At the turn of the last decade, there was a seismic shift in the Nigerian media space. A new crop of journalists, mostly writers, who broke away from what one could best describe as legacy Nigerian media, emerged.

They built portfolios parallel to their western counterparts. They worked at young media startups tailored to young educated middle-class Nigerians.

Aisha Salaudeen was one of them. A relative newcomer with bylines in the Financial Times and Al Jazeera, she quickly rose to the top, snagging the Future Award prize for journalism in 2020 and landing a high-profile gig as a producer at CNN.

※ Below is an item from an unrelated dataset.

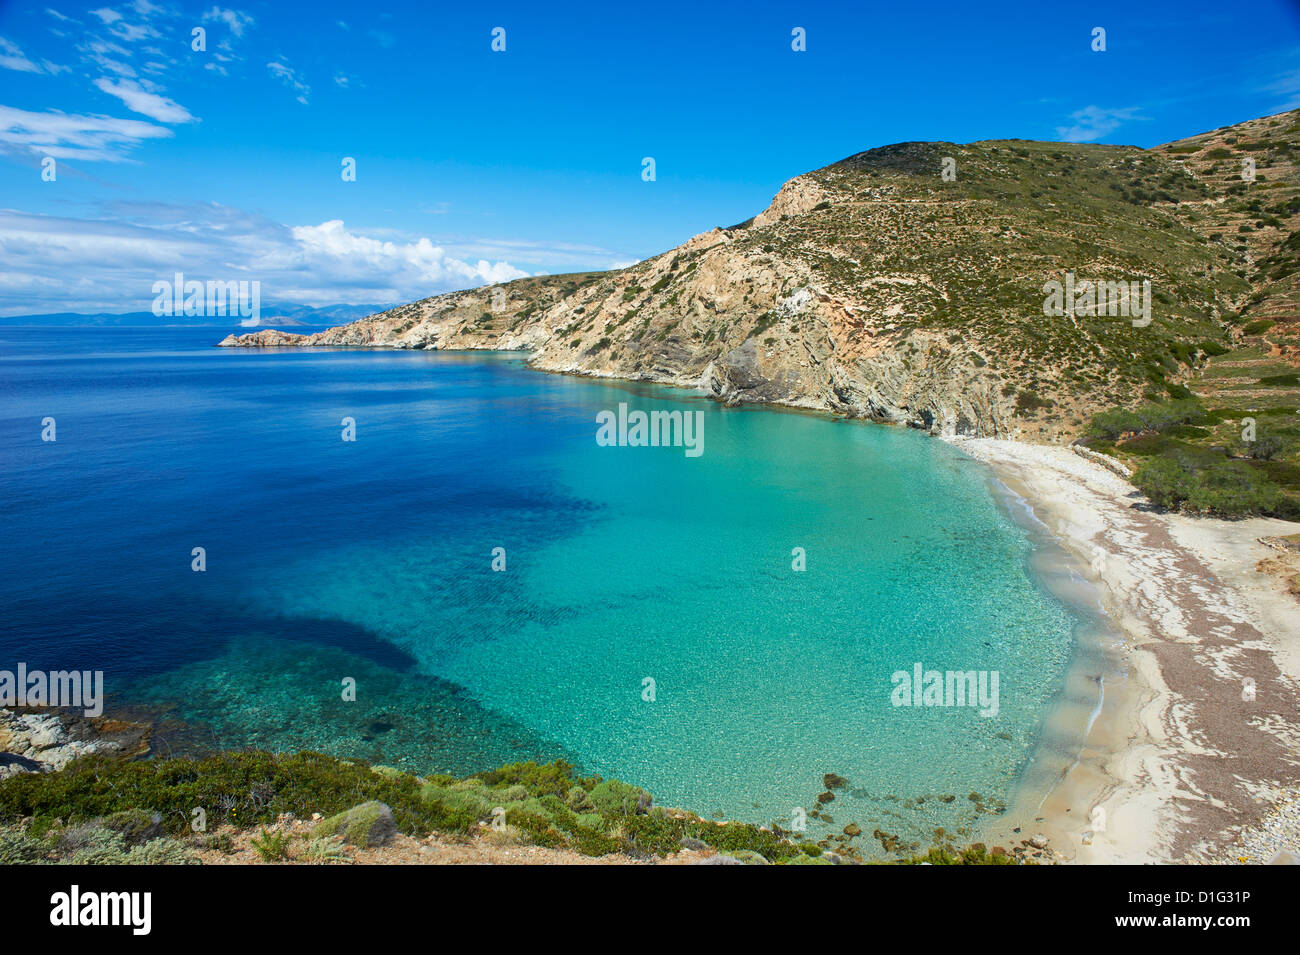 Plage de Livadi, Donoussa, Cyclades, Mer Égée, îles grecques, Grèce, Europe Banque D'Images

British Vogue named her one of its 50 Trailblazing Creatives And Young Activists From Across The Globe Share Their Hopes For The Future in 2020.

Aisha’s podcast journey

Then last year, she started a new venture, a podcast — I Like Girls, with the intention of telling women’s stories. She shared her motivation with me:

“I had spent at least four years telling stories in written format,” she said of the decision to start the podcast. “I had done TV production. I had written so many articles. So it was kind of like, what other way can I tell stories that I had not explored yet? And it was podcasting that came at me because I had not done it.”

Over the years, podcasts have become the leading media product in Nigeria. Radio presenters, Instagram influencers and everybody with a friend have launched podcasts promising their listeners insightful, raw or honest conversations.

But Aisha is not in the game for the “conversations” per se, at least not with her friends chatting about them on the podcast. She is more focused on telling the poignant stories and then hopes it sparks the conversations that as a society, we fail to have.

In one episode she tackles religion and feminism. In another, she dives into the controversial “Kayan Mata” phenomenon.

With her podcast, I Like Girls, she broke away from the ubiquitous type of podcasts popular in the country. Those types of podcasts which she describes as the “my friend and I are coming online to gist podcast or I’m interviewing a guest and we’re having laughs.” That type of podcast she said would not have been “sufficient” for the type of story she is interested in telling.

“It was extremely deliberate,” she said of the storytelling narrative arch I Like Girls typically takes.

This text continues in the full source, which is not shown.